Yring: bounded SPSC ring with ypipe-style batched flush

Extracted [0] from omq.rs into its own crate: a bounded SPSC ring buffer that uses the ypipe batching trick from ZeroMQ.

The key: instead of two atomics per item (one on push, one on pop), you batch writes and do one Release store on flush, one Acquire load on prefetch. Under load this amortizes synchronization cost to near zero.

Three pointers: head (consumer), tail (producer, non-atomic), flush (the only shared state). Push and pop are zero-atomic operations. One atomic per batch on each side.
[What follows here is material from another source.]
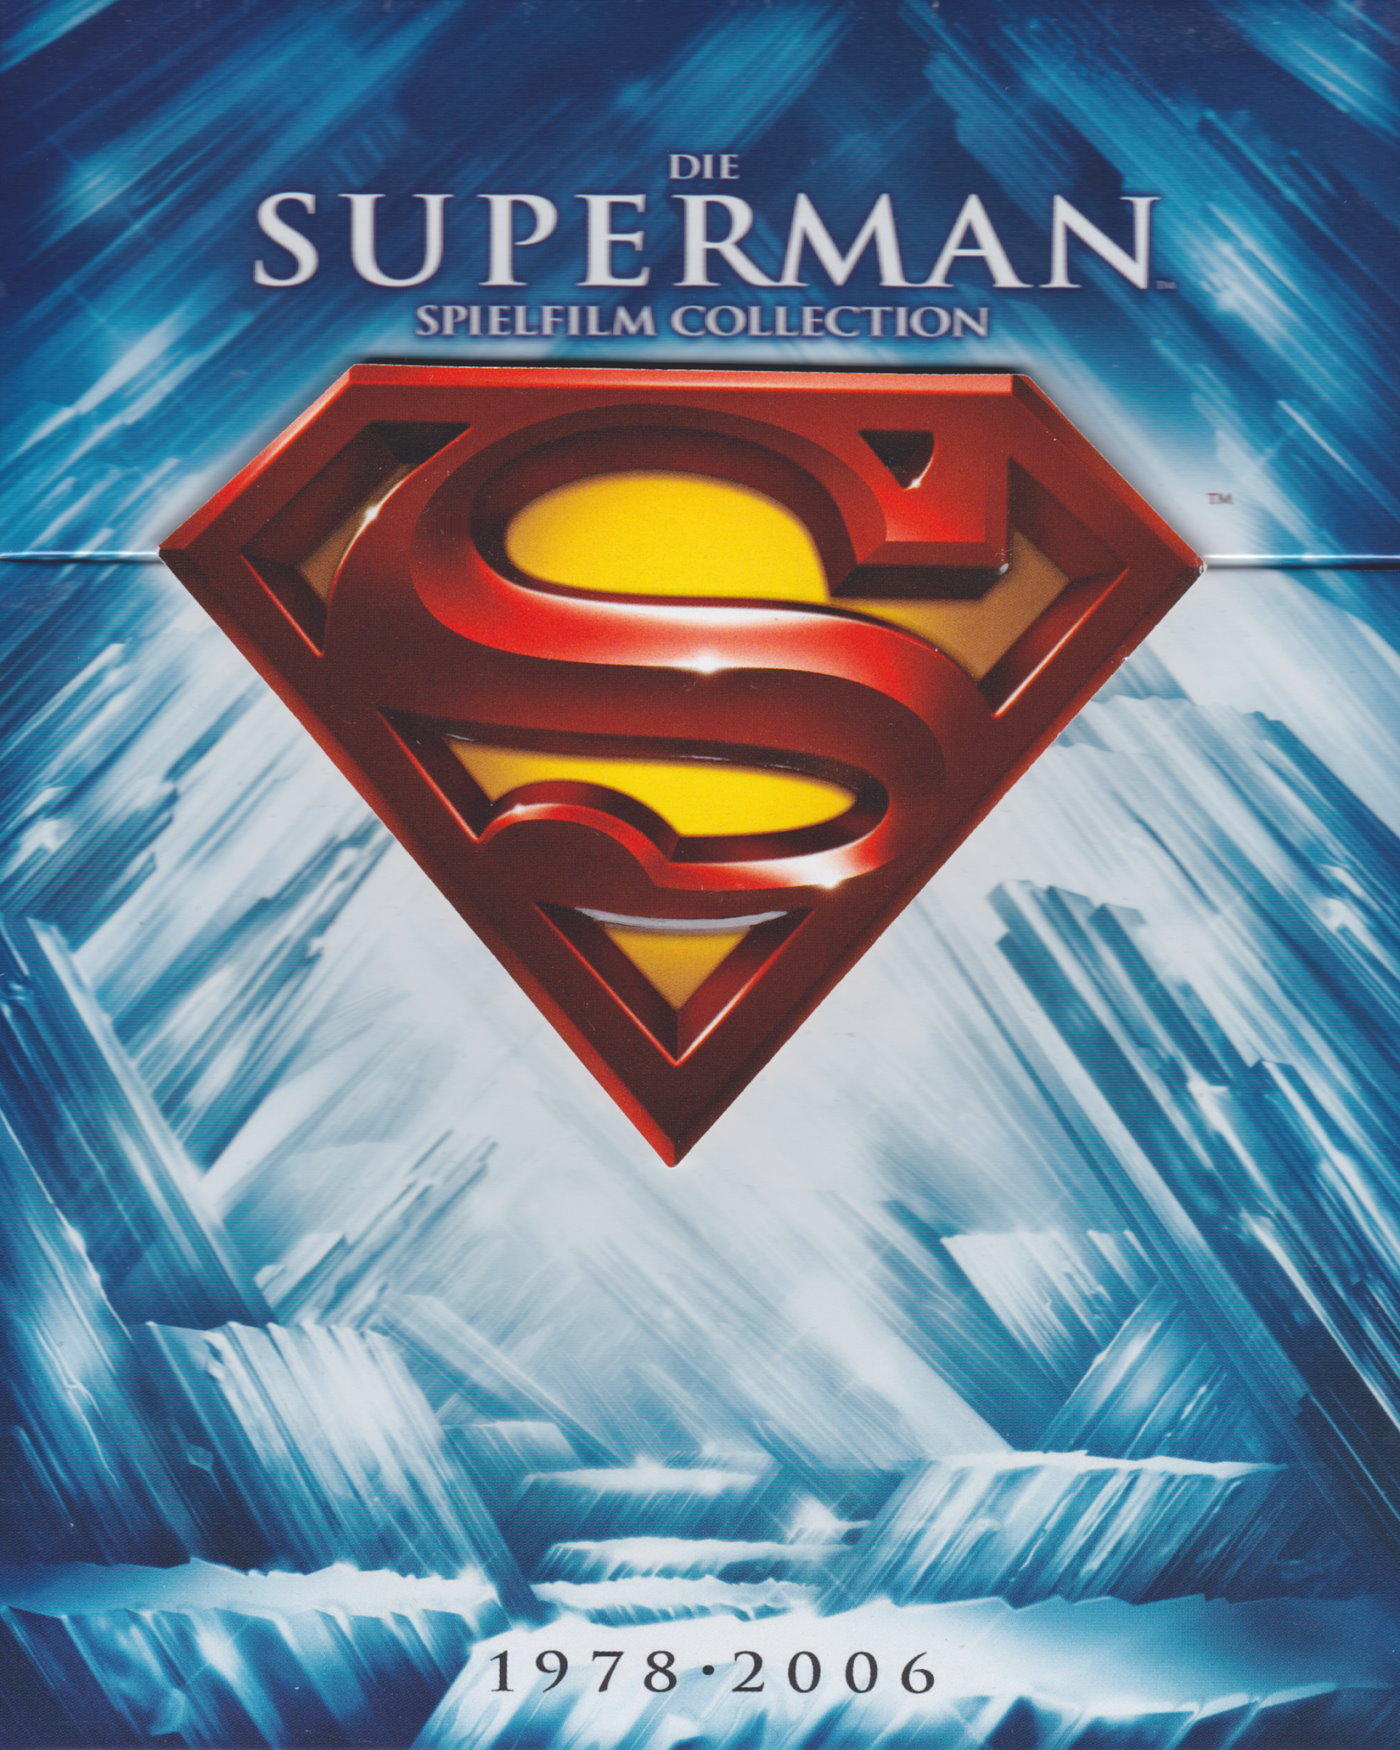 Cover - Superman Returns.jpg

Perf: 760M items/s between threads (u64, batch of 256, capacity 1024), measured in a Linux VM on an old Mac mini from 2018.
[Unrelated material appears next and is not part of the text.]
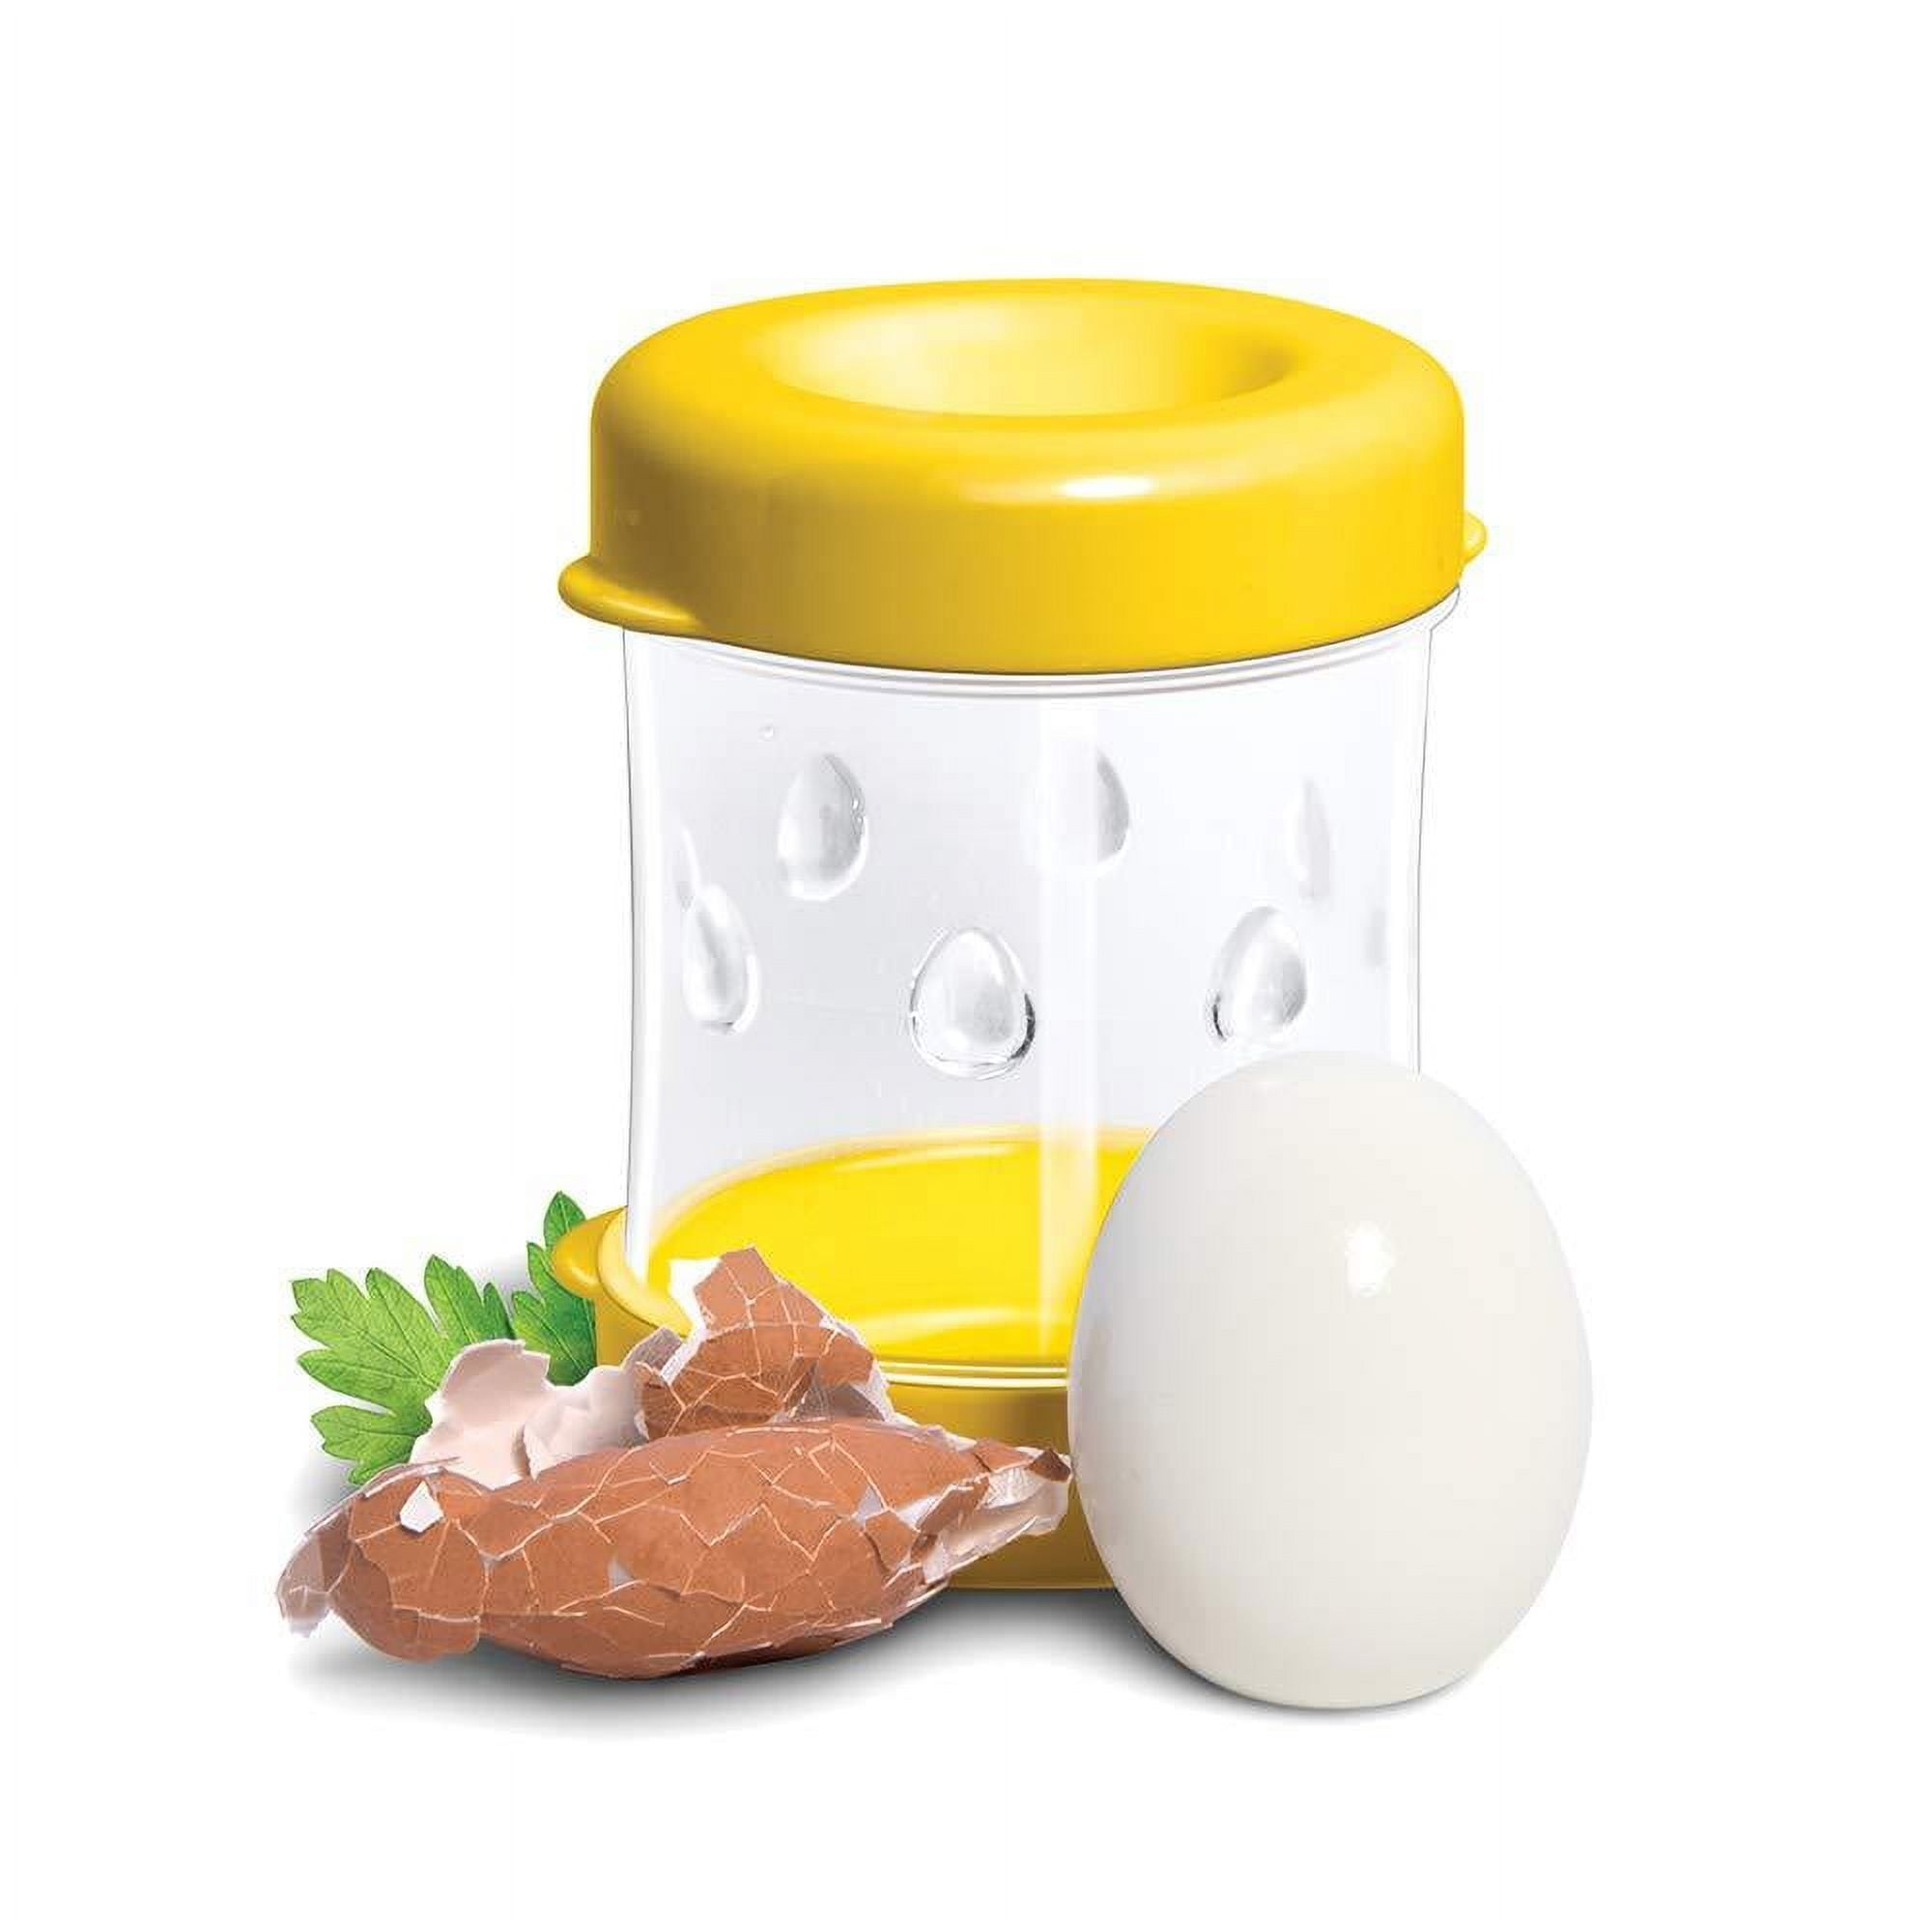 Hsn The Negg 2-Pack Hard-Boiled Egg Peeler - Black

In omq.rs, using yring for cross-thread inproc delivery pushed throughput from ~3M msg/s to ~16M msg/s.

let (mut producer, mut consumer) = yring::spsc(1024);

for i in 0..100 {
    producer.push(i).unwrap();
}
producer.flush(); // one Release store

consumer.prefetch(); // one Acquire load
while let Some(val) = consumer.pop() {
    // process val
}

[0] crates.io: Rust Package Registry

this is an interesting alternative to bip buffer. I've used bbqueue, a rust bip buffer implementation, for a proxy-like program. I'll take a look at yring later.

guessing from the posted sample snippet, I suppose yring is only message based, it doesn't support unstructured data, i.e. arbitrary byte streams, right? (well, I can use u8 as the message type, but I'm talking about a buffer api that allows the producer to perform in-place algorithms). but still this is a good to have library in the toolbox.

It's generic over any T: Send items, so not message-specific. It's slot-based, not a byte-stream buffer.